Any candidate interviewing for a data engineer job should know what subqueries are and how to write them.

Sometimes subqueries are described as a query in another query. They allow us to perform complex SQL operations.

Data engineers should also know how to use subqueries with various SQL features: WHERE, HAVING, FROM, SELECT.

Aggregate functions

An essential SQL feature to summarize large volumes of data. Aggregate functions are often used with GROUP BY statements to separate rows into groups and aggregate values for each group. Other times, you’ll need to aggregate data for the entire table.

There are five main aggregate functions in SQL:

SUM() finds the total sum of all numeric values in a column.
COUNT() finds the number of rows in the entire table or a group
MIN and MAX() are used to find the highest and lowest values in a table or a group.
AVG() calculates the average of all values in the column or a group

You can use these aggregate functions within a subquery to set conditions for WHERE and HAVING clauses.

You can find many examples of SQL Interview Questions involving aggregate functions on our blog.

In this article, we’ll solve interview questions in PostgreSQL, which has a wide variety of aggregate functions. Go to PostgreSQL documentation for a full list.

NULL values

Data engineers sometimes have to do what other data scientists don’t want to do - deal with NULL values.

Removing or replacing NULL values can improve the quality of data, which can make data more accessible and easy to work with.

Before dealing with them, you must understand what a NULL value is. It is not 0 or an empty text (‘ ‘) but an absence of any value. The absence of a value is typically a challenge to performing accurate data analysis.

You can’t use normal comparison operators like > < = to work with NULL values.

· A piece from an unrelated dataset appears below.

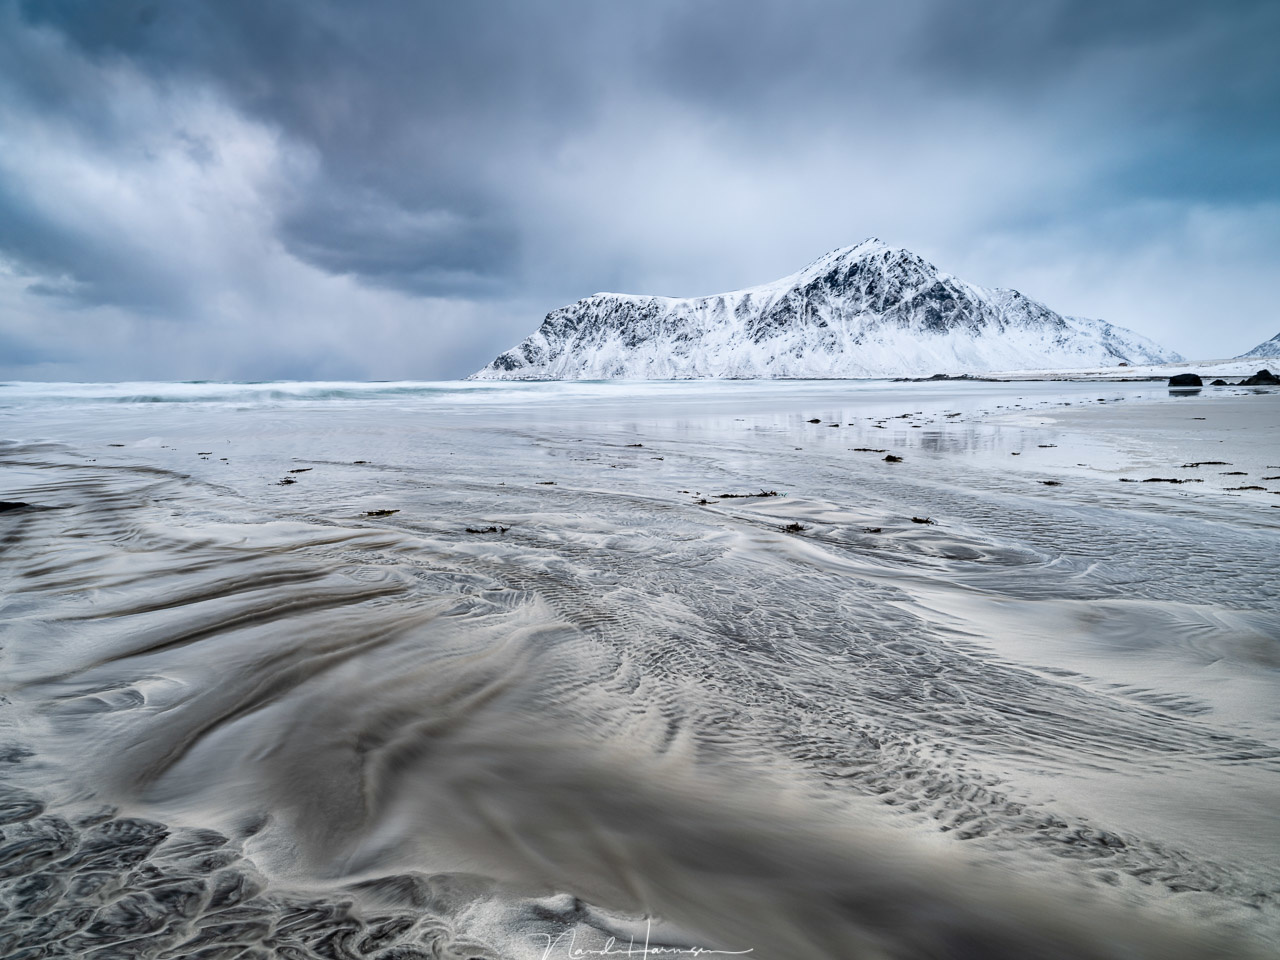 Skagsanden Beach (23mm, ISO100, f/10, 3,2s, Haida medium 0,9GND + CPL, from tripod)

You can use IS NULL and IS NOT NULL operators to find values that are (and are not) NULL. Or use functions like ISNULL() to return a specific value instead of NULL.

Finally, it’s important to know how aggregate functions and NULL values work together. For example, how you can use the COUNT() aggregate function to find the number of NULL values.

COUNT(*) returns a number of values including NULL ones, whereas COUNT(column) returns the number of non-null values. The difference between them will be the number of NULL values in the table.

Text functions

In SQL, text values belong to data types such as VARCHAR, CHAR, or TEXT, and they are very common. It’s important for data engineers to be able to use built-in text functions in SQL.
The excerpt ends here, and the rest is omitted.